>>>

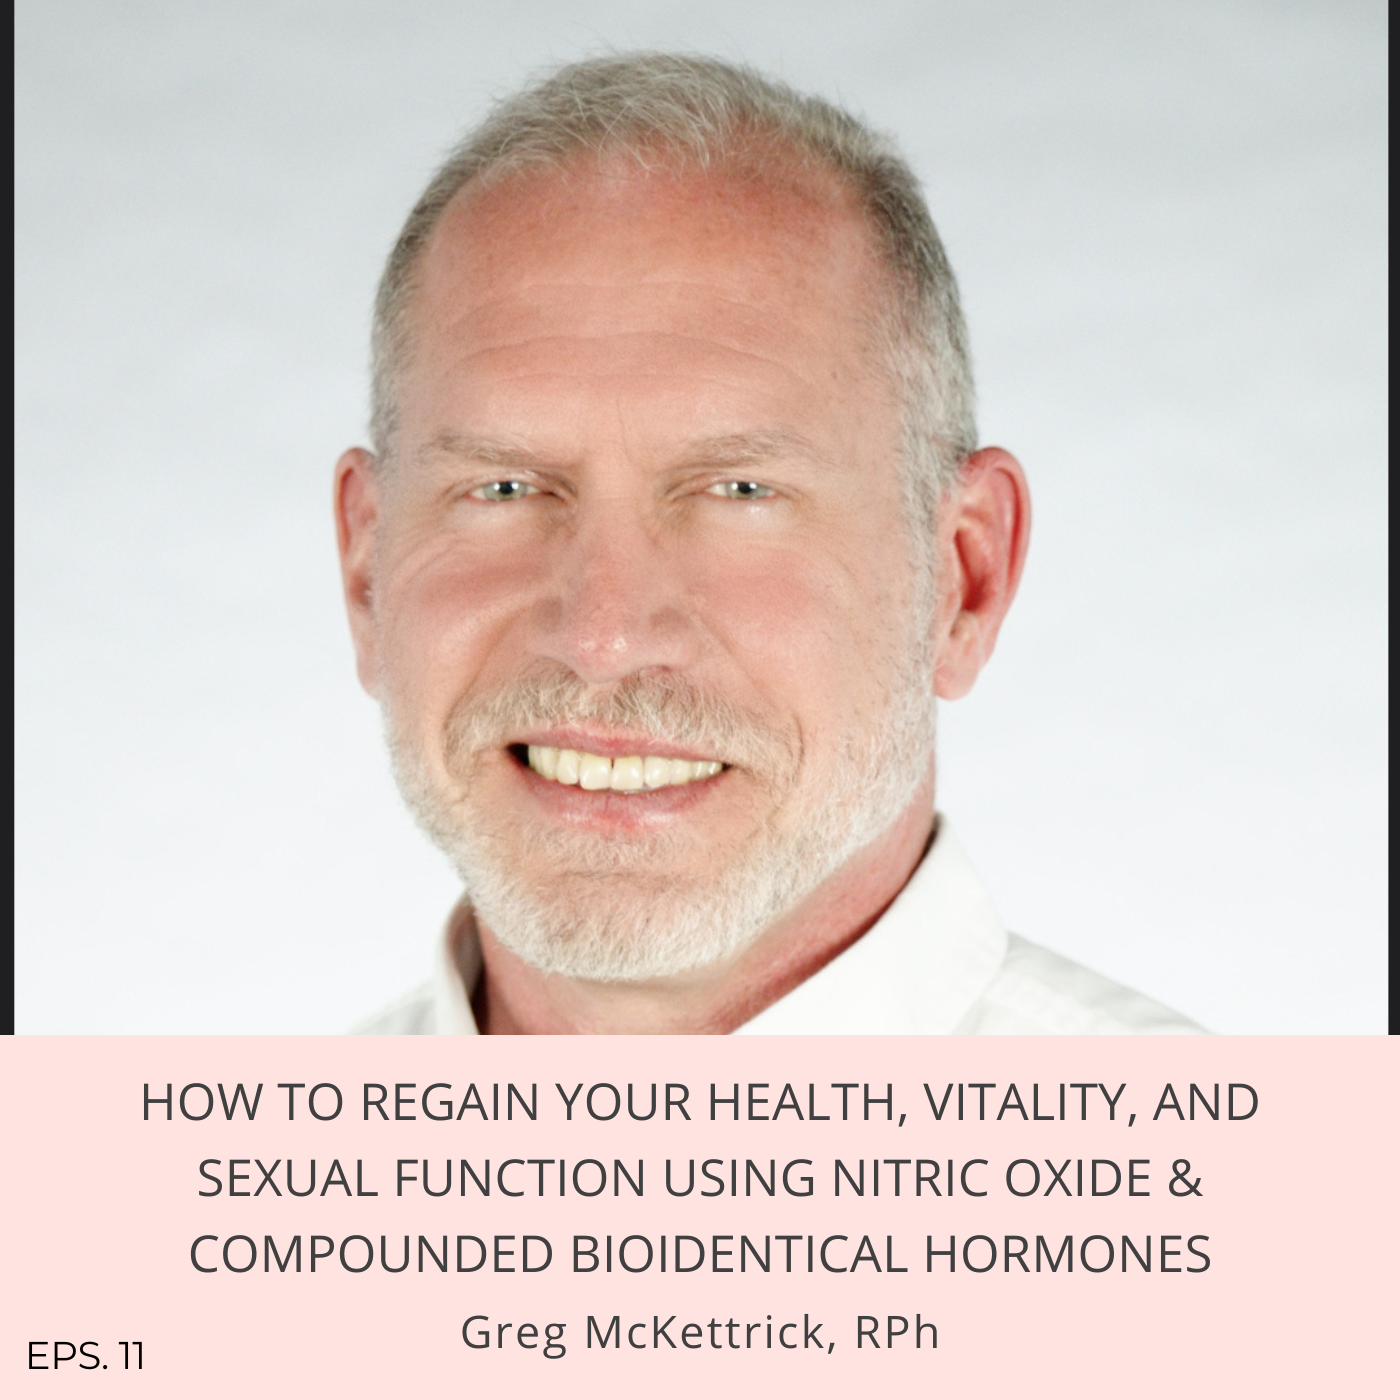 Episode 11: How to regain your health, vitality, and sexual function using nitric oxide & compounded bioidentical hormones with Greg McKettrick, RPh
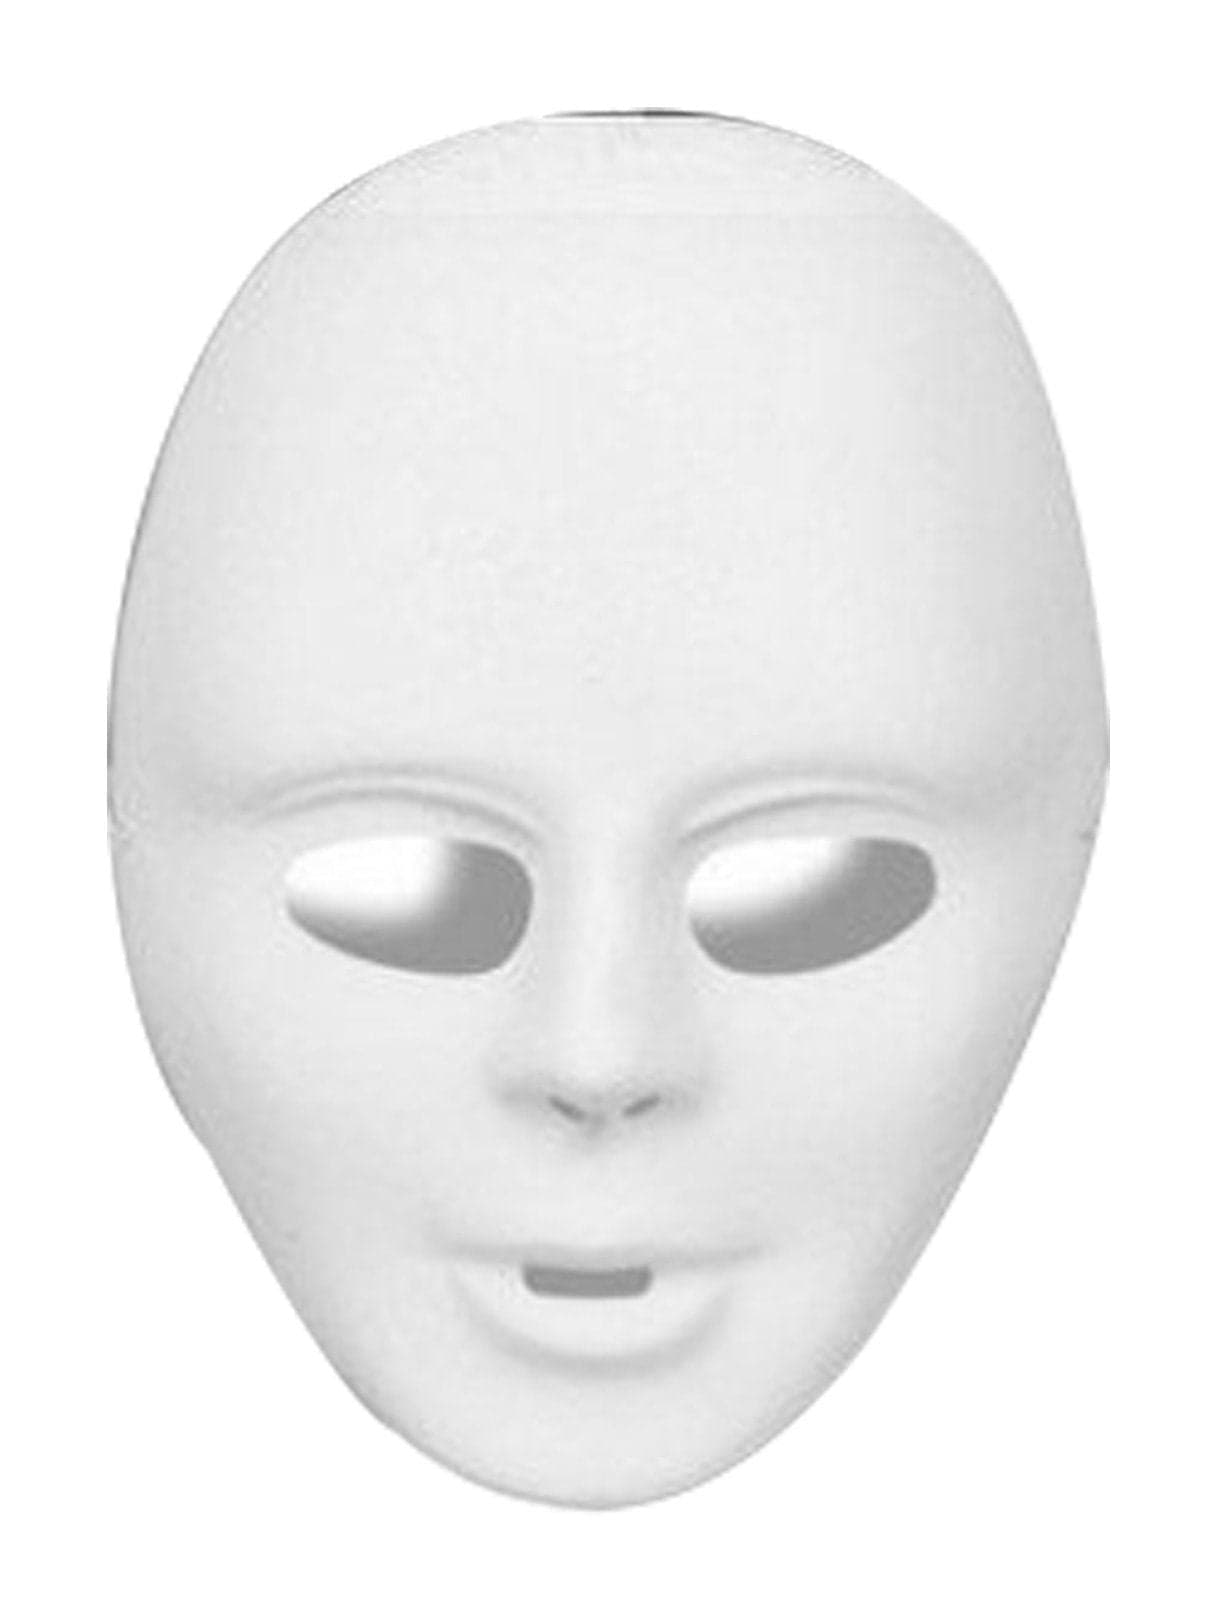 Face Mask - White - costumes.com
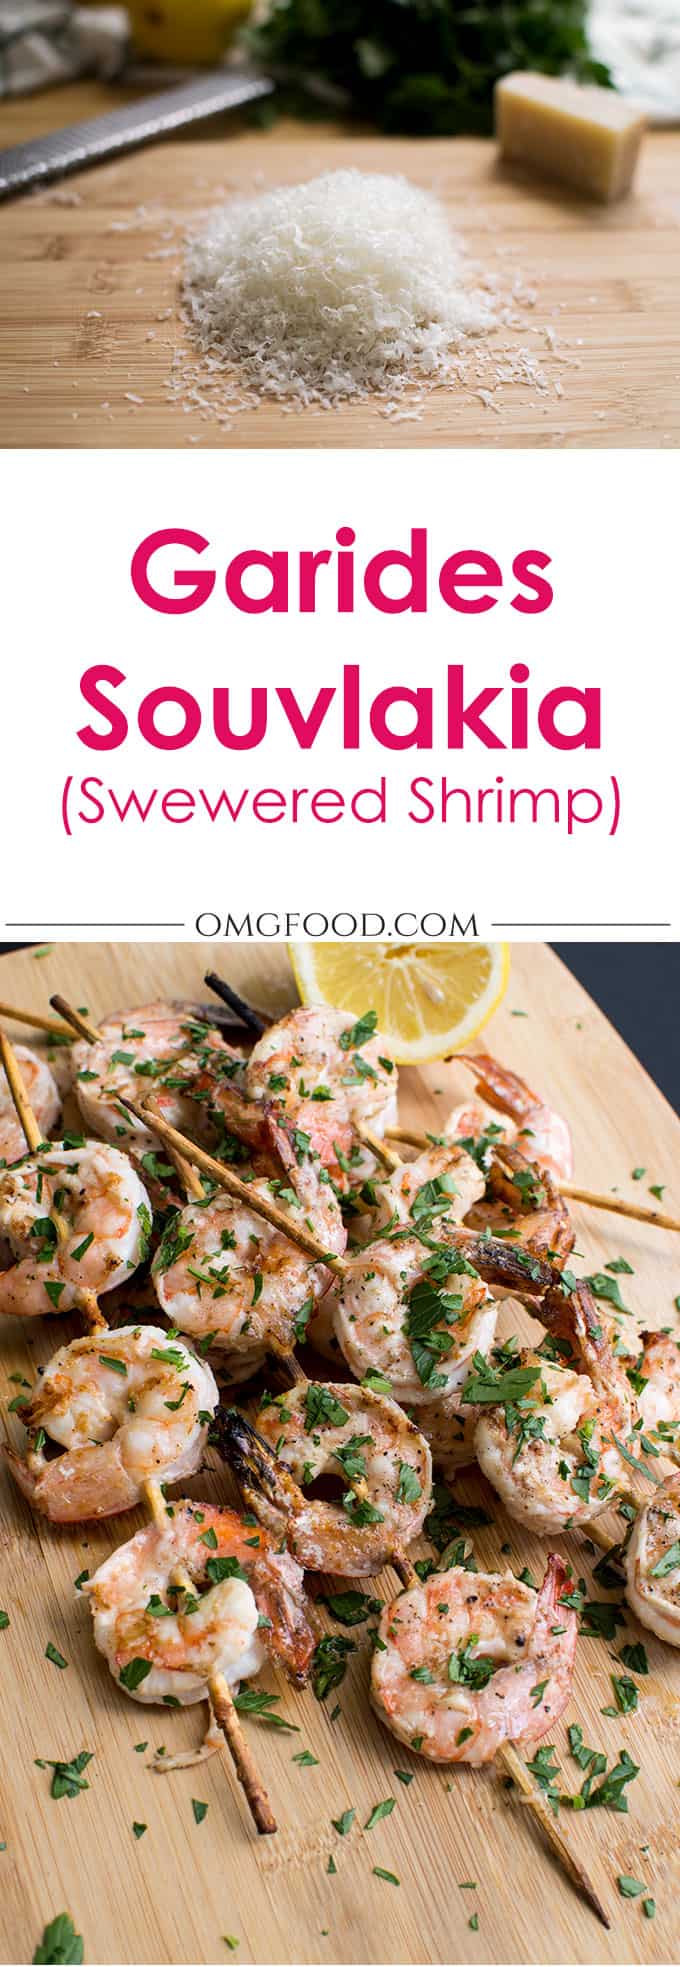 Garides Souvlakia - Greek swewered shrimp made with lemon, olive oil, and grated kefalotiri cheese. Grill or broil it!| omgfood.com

<<<

Output the line containing "Face Mask - White - costumes.com" and each line after it, through the end of the material, exactly as given. No pictures belong in the output.

 Face Mask - White - costumes.com
 Garides Souvlakia - Greek swewered shrimp made with lemon, olive oil, and grated kefalotiri cheese. Grill or broil it!| omgfood.com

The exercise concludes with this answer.